Loaders marked with † come from OGB and require the optional ogb extra (pip install graphnetz[ogb]): ogbn-arxiv and ogbl-collab in Social, ogbn-products in Finance, and ogbg-molhiv and ogbg-molpcba in Biology. They are folded into their domain categories rather than exposed as a separate ogb category, so they appear in run_benchmark(category, ...) alongside the curated built-ins.

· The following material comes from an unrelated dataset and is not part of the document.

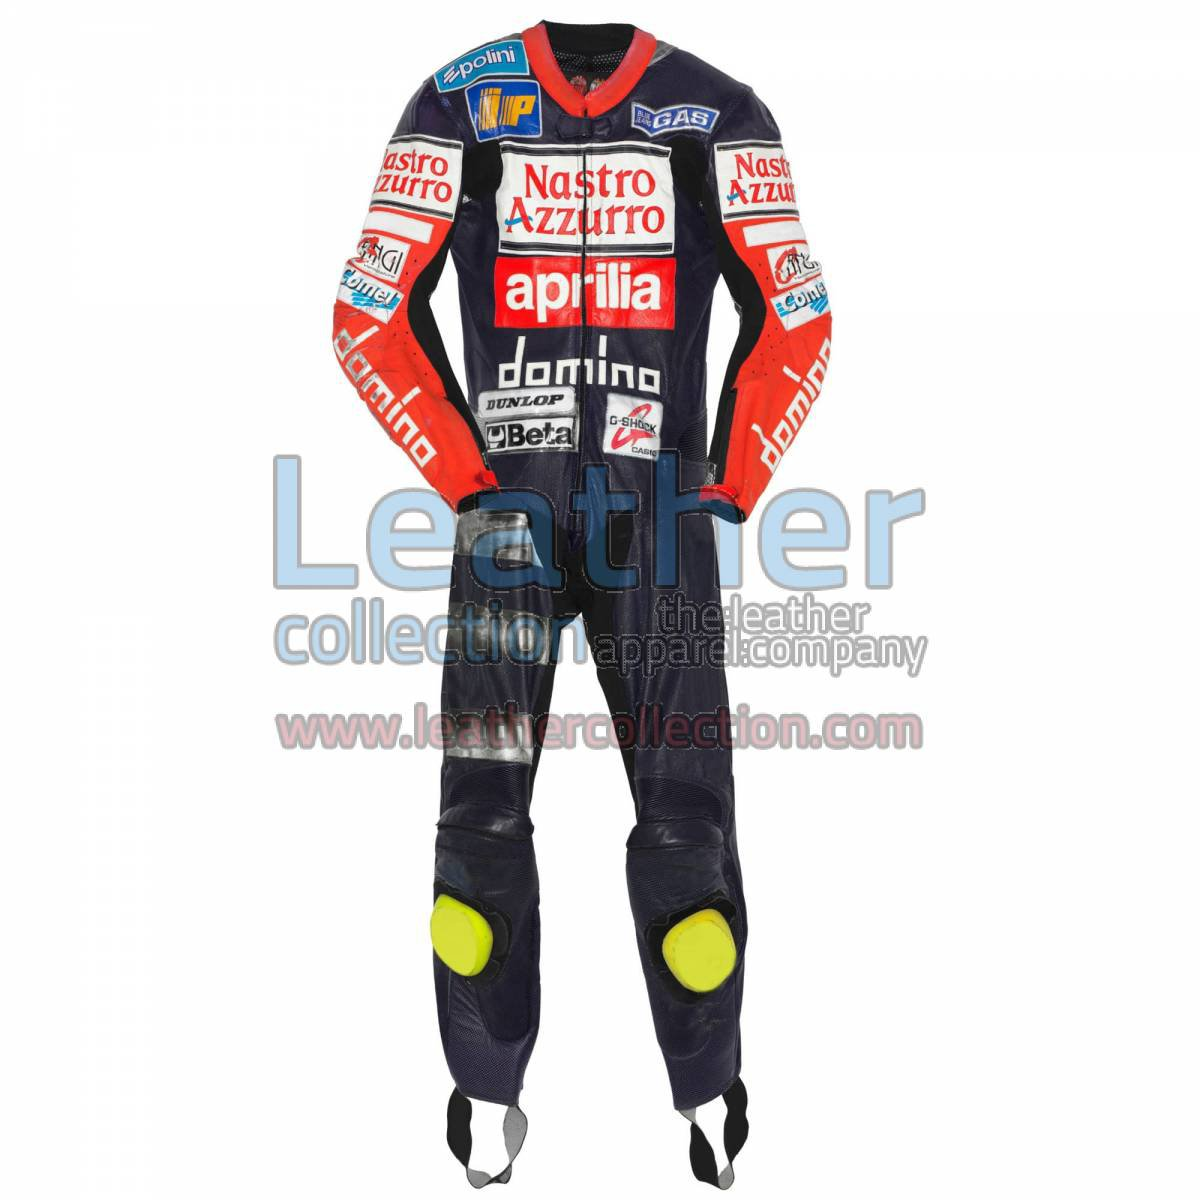 Valentino Rossi Aprilia GP 1997 Suit

Without the extra installed, the catalogue exposes 58 of the 63 loaders.

Loading individual datasets

Each category exposes thin loader functions returning a PyG dataset:

from graphnetz.datasets.social import cora, roman_empire
from graphnetz.datasets.biology import mutag, peptides_func
from graphnetz.datasets.computing import internet_as

ds_cora = cora("data/cora")                       # node_cls + link_pred
ds_rom  = roman_empire("data/roman_empire")       # heterophilic node_cls
ds_mut  = mutag("data/mutag")                     # graph_cls
ds_pep  = peptides_func("data/peptides_func")     # LRGB graph_cls
ds_inet = internet_as("data/internet_as")         # link_pred

# Optional OGB loaders live in their domain modules
# (require `pip install graphnetz[ogb]`):
from graphnetz.datasets.social import ogbn_arxiv, ogbl_collab
from graphnetz.datasets.biology import ogbg_molhiv

ds_arxiv  = ogbn_arxiv("data/ogb")                # node_cls (in Social)
ds_collab = ogbl_collab("data/ogb")               # link_pred (in Social)
ds_hiv    = ogbg_molhiv("data/ogb")               # graph_cls (in Biology)

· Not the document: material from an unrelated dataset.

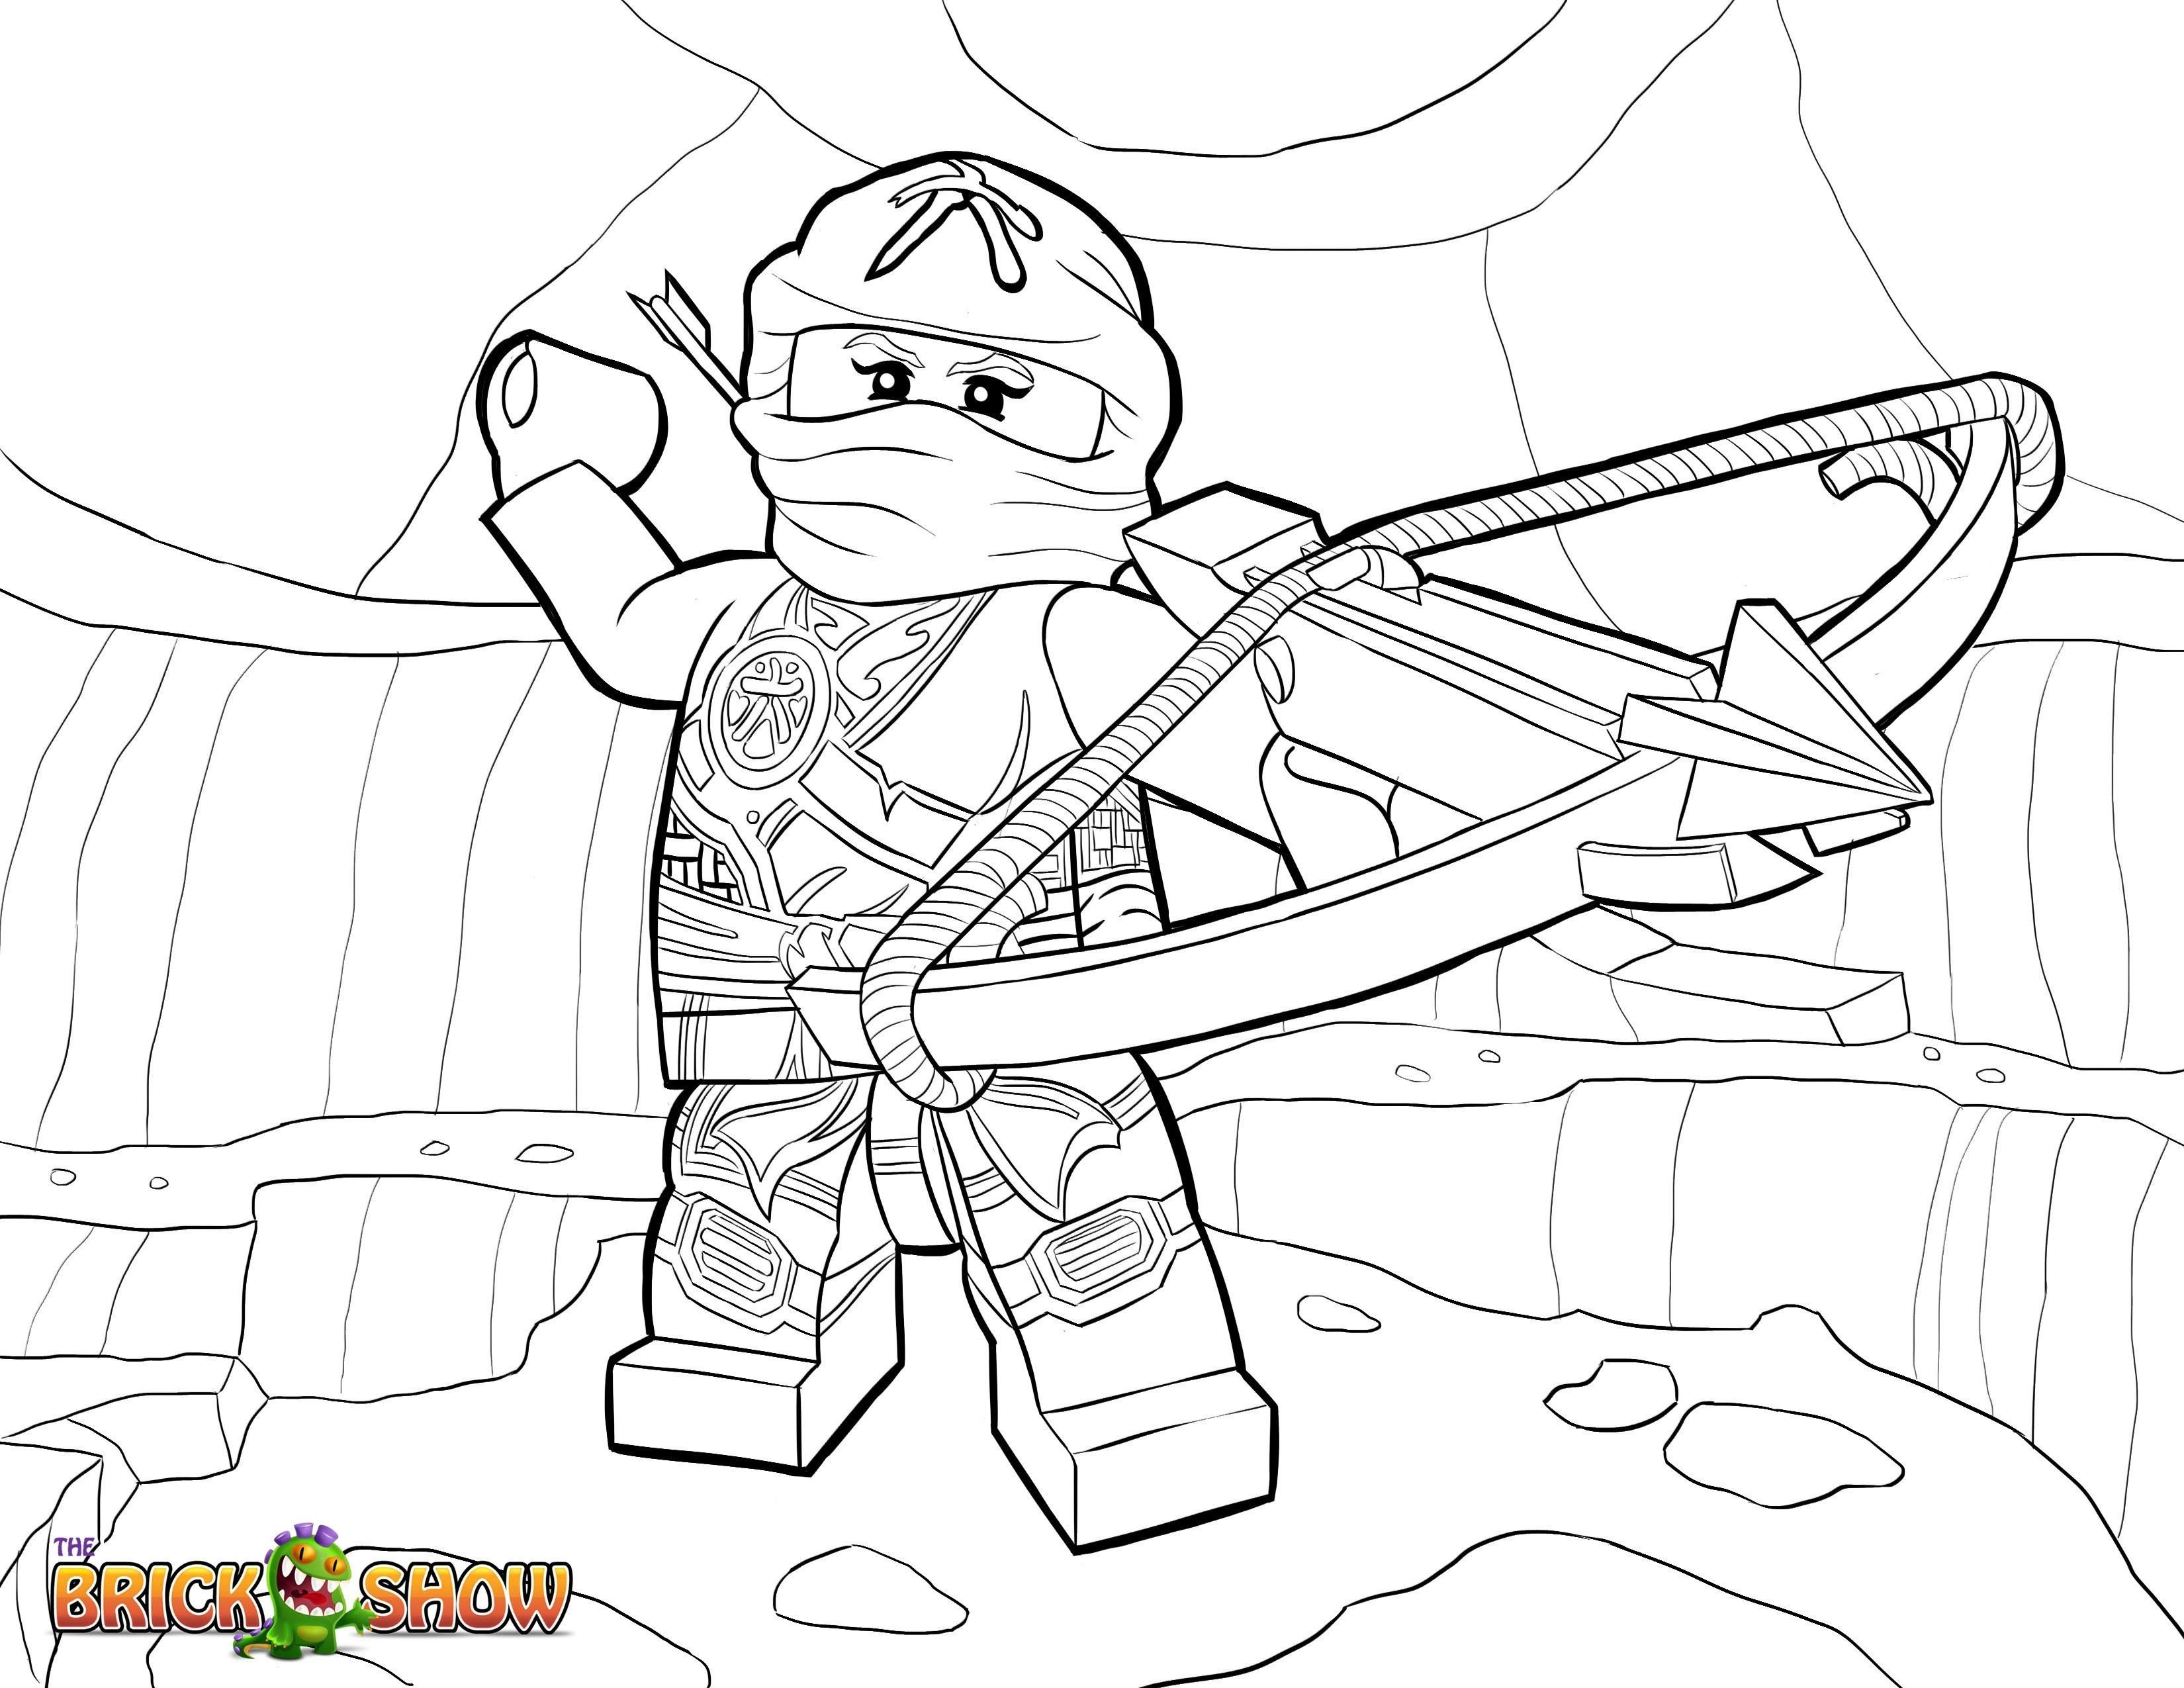 Lego Star Wars Malvorlagen Frisch 10 Malvorlagen Star Wars Raumschiffe My Blog Bild

The first call downloads + processes into the directory you pass; subsequent calls hit the on-disk cache.

Arbitrary Netzschleuder networks

The Netz loader fetches any network from the Netzschleuder catalogue on demand and converts it to the PyG format used by the rest of the library:

from graphnetz import Netz

ds = Netz(root="data", dataset_name="urban_streets", network_name="brasilia")
data = ds[0]   # PyG Data object

# Multiplex / transit / airline networks need parallel-edge support:
ds_air = Netz(
    root="data",
    dataset_name="eu_airlines",
    network_name="eu_airlines",
    multigraph=True,
)

Choosing a dataset

If you want…

Try

A small node-classification sanity check

social.cora, social.citeseer

Heterophilic node classification

social.roman_empire, social.minesweeper

Long-range graph classification

biology.peptides_func (LRGB)

Molecular regression

physics.zinc, physics.qm9

Knowledge-graph link prediction

knowledge.fb15k_237, knowledge.wordnet18rr

A real-world infrastructure network

infrastructure.power_grid, infrastructure.euroroad

Synthetic, deterministic, fast

combinatorial.random_coloring, combinatorial.random_tsp

Adding a new loader

See Contributing → Adding a dataset loader. The short version:

  1. Write a thin loader function under the right category module.

  2. Register it in LOADER_REGISTRY for each task it supports.

  3. Optionally add a Task(...) to BENCHMARK_TASKS for the curated run.

  4. Add a one-line smoke test in tests/test_smoke.py.